MicroStrategy ONE

Data loading

The data loading process gathers and prepares data for analysis and reporting in the Enterprise Manager project. During the data load process, Enterprise Manager gathers metadata from projects, transfers metadata and statistics information from staging tables into the Enterprise Manager repository, and converts raw data into a form that can be analyzed and used for reporting.

A data load occurs according to the schedule you define when you create the data load. For instructions on setting the schedule, see Creating a data load. You can also run a data load at any time if your repository is missing data. For steps on running a data load immediately, see Running a data load now.

You can turn on and off single data loads or all data loads at once. For steps, see Data loading.

The data load process has four steps.

  1. Enterprise Manager gathers metadata from projects. Enterprise Manager provides Intelligence Server with a time window for the data load. Intelligence Server then transfers relevant information about the project sources specified in Enterprise Manager to lookup tables in the statistics staging tables. Relevant information includes such data as report names, user/group names, and object relationships. Examples include user/group relationships and which schedules are mapped to which reports.

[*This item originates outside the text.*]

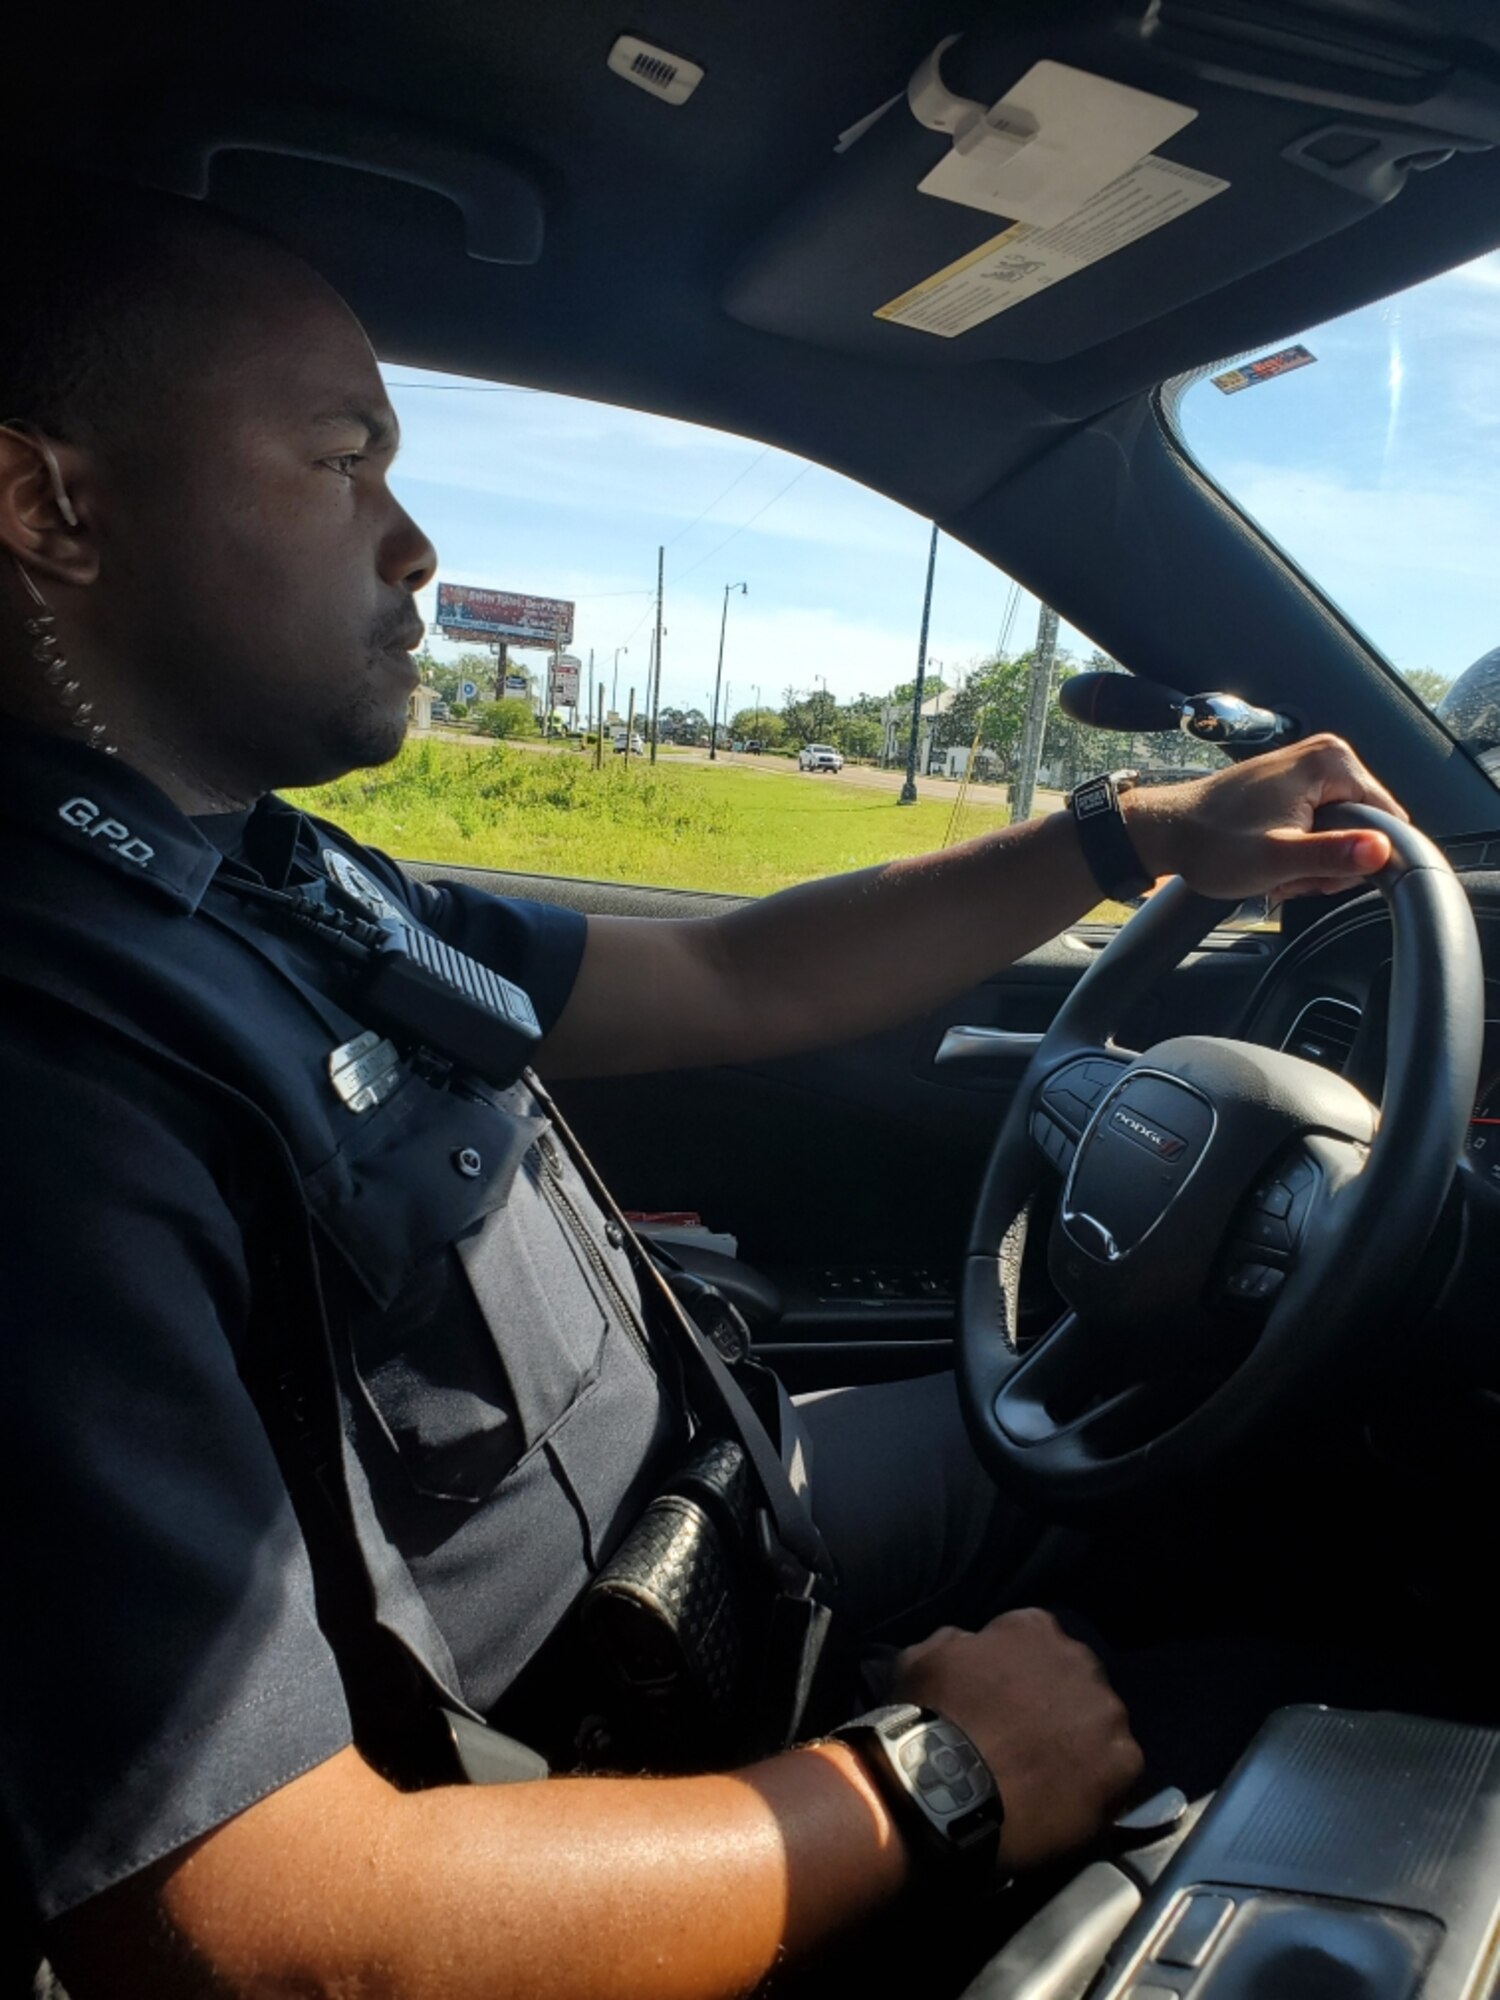 Gulfport Police Department patrol officer Derrick Tolbert works the road during the COVID-19 crisis, conducting traffic stops, answering calls for services and working accident scenes. Tolber, a technical sergeant, works as a combat arms instructor for the 403rd Security Forces Squadron of the 403rd Wing at Keesler Air Force Base, Miss. (courtesy photo)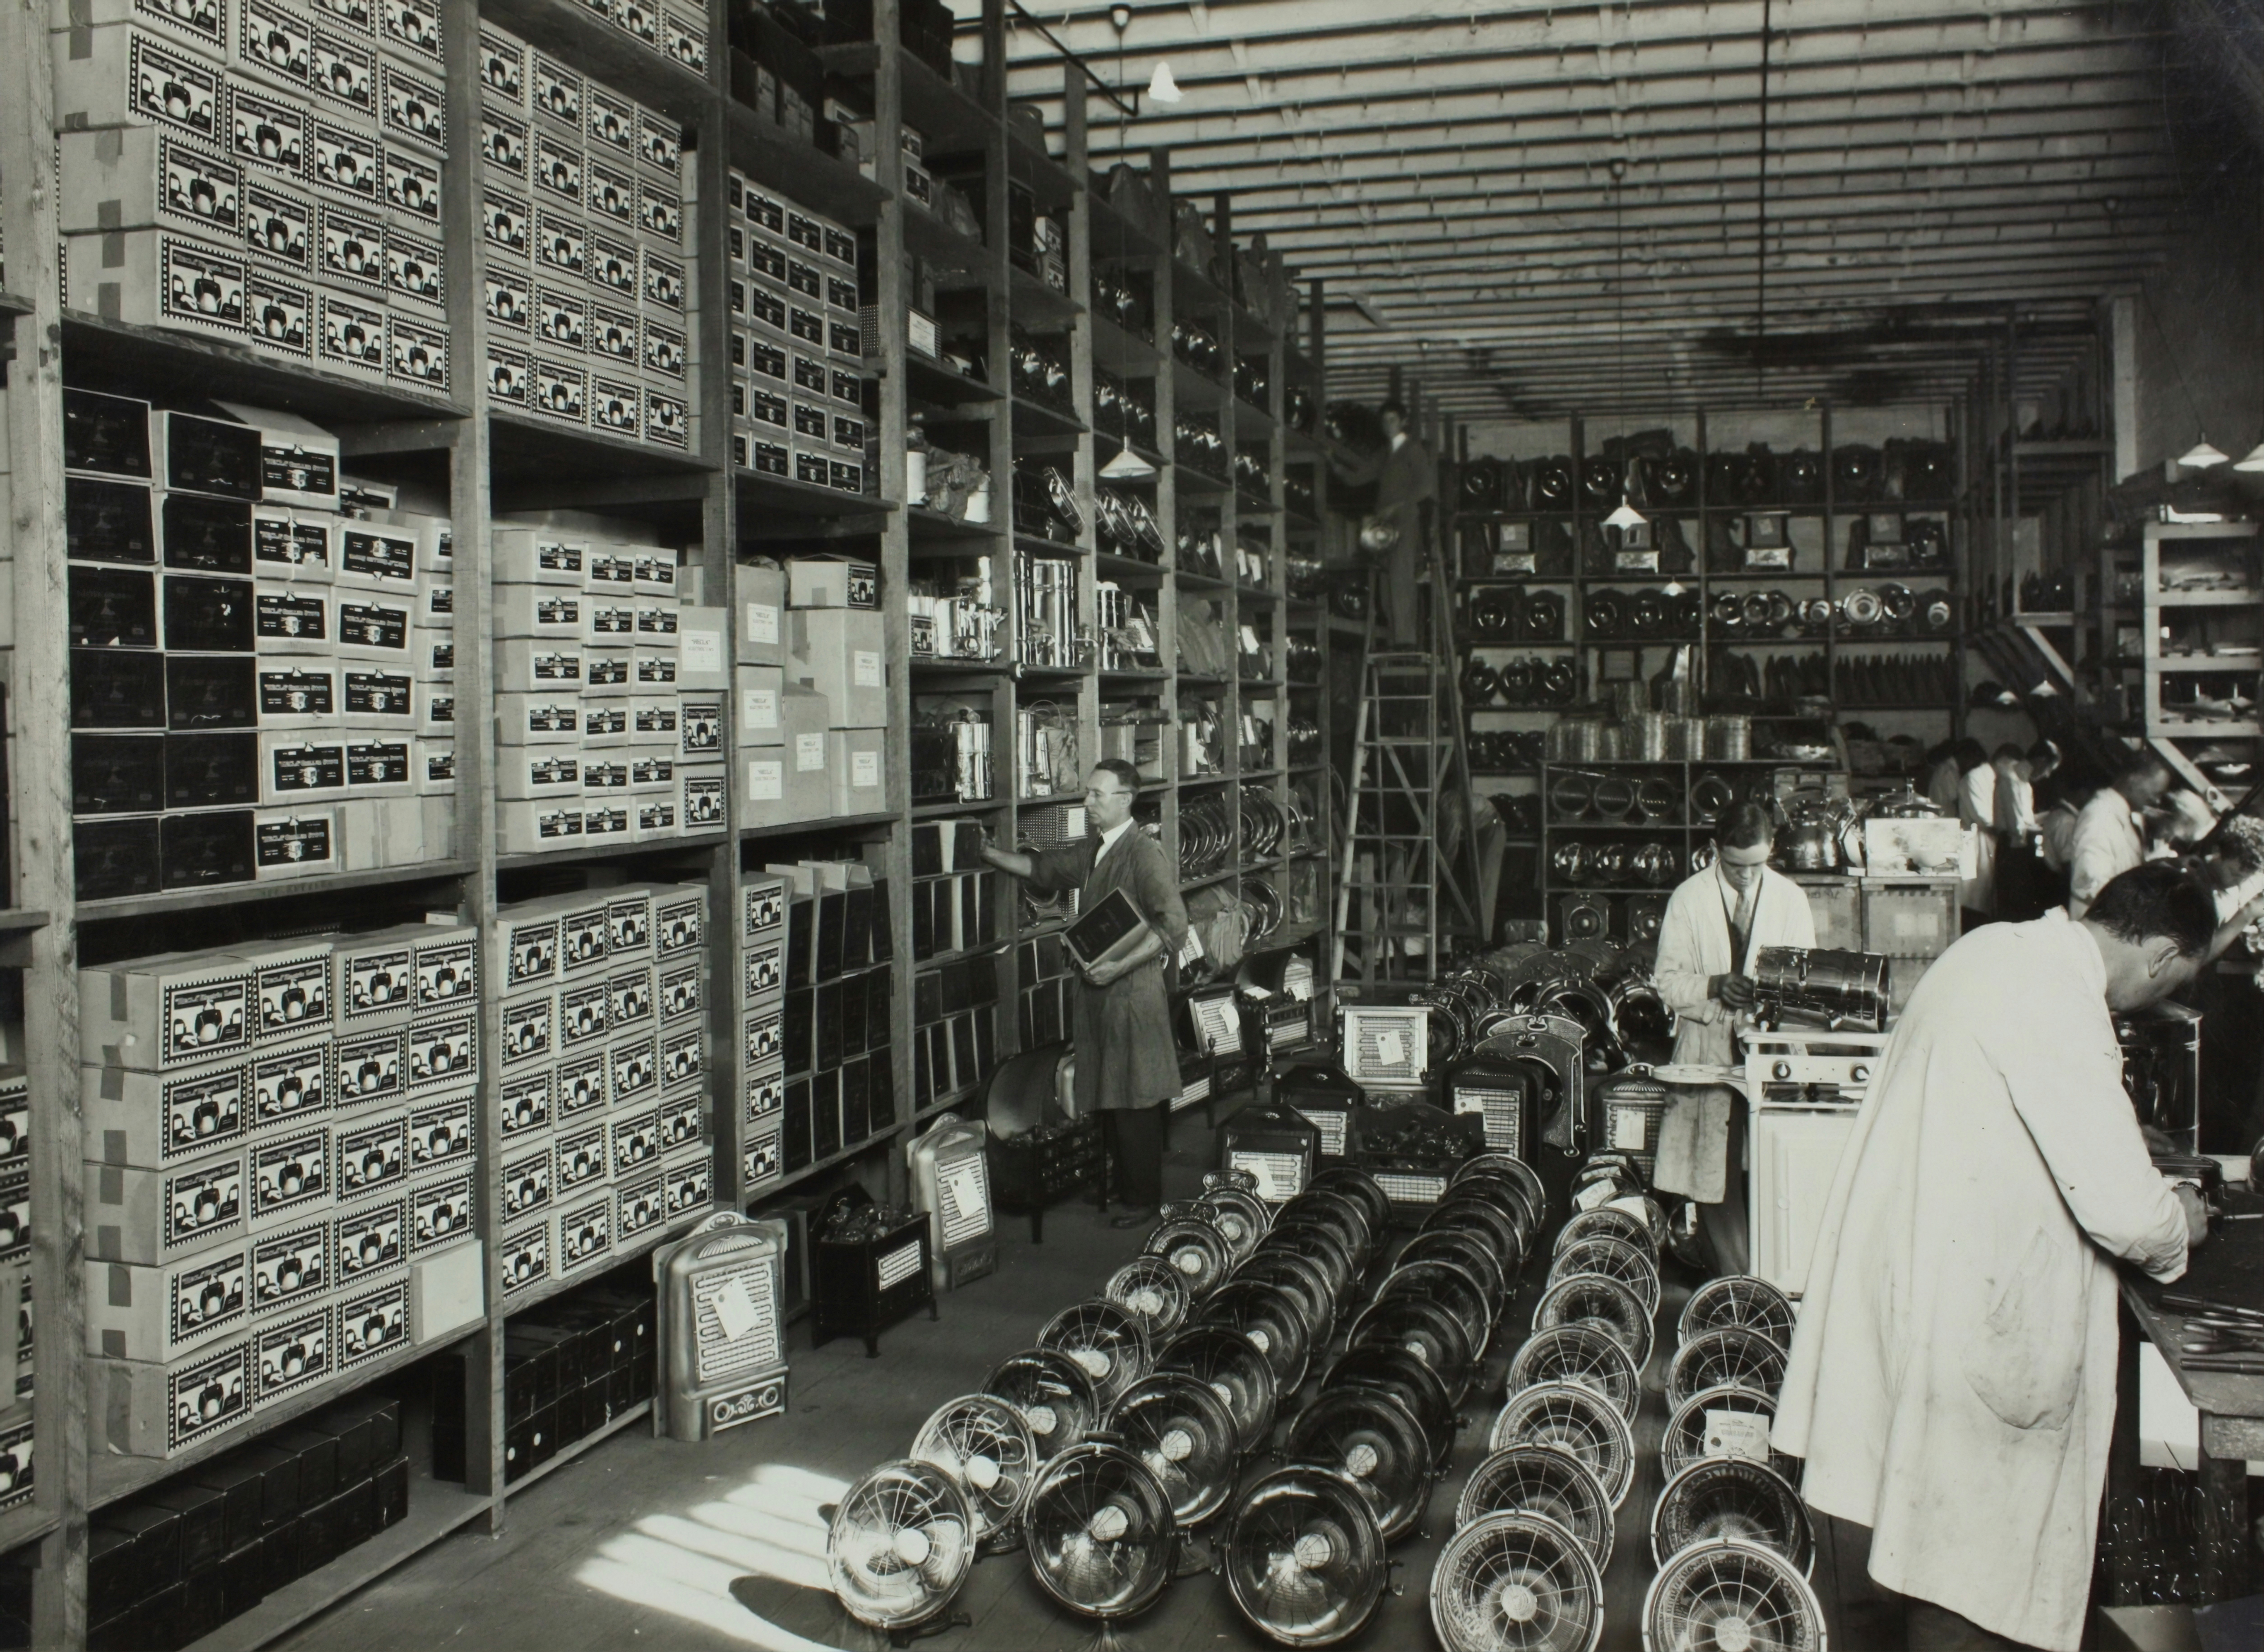 Hecla Electrics Pty Ltd, Workers Assembling Electrical Products, circa 1930

  2. While Intelligence Server is transferring lookup table information, Enterprise Manager moves statistics data from the statistics staging tables into the statistics tables in the Enterprise Manager repository.

  3. After Enterprise Manager has finished transferring statistics data, it starts transferring the staging lookup tables that Intelligence Server has completed. Enterprise Manager moves the information in the staging lookup tables into lookup tables in the Enterprise Manager repository.

    Metadata information for all projects in a project source is transferred into the Enterprise Manager lookup tables, regardless of whether those projects are configured to log statistics.

  1. The final step in the data load process involves processing the data in the Enterprise Manager repository tables. These statistics tables contain raw data logged by Intelligence Server. For performance reasons, most fields are fixed-length fields and contain data that cannot be directly interpreted by an administrator. An example of such a field is an object GUID. This raw data must be processed further to support administrative analysis and reporting requirements. SQL scripts transform the statistics data into a form that can be useful for administrative reporting. The transformation ensures that reporting on MicroStrategy metadata content is feasible. This transformed data is stored in fact tables in the Enterprise Manager repository.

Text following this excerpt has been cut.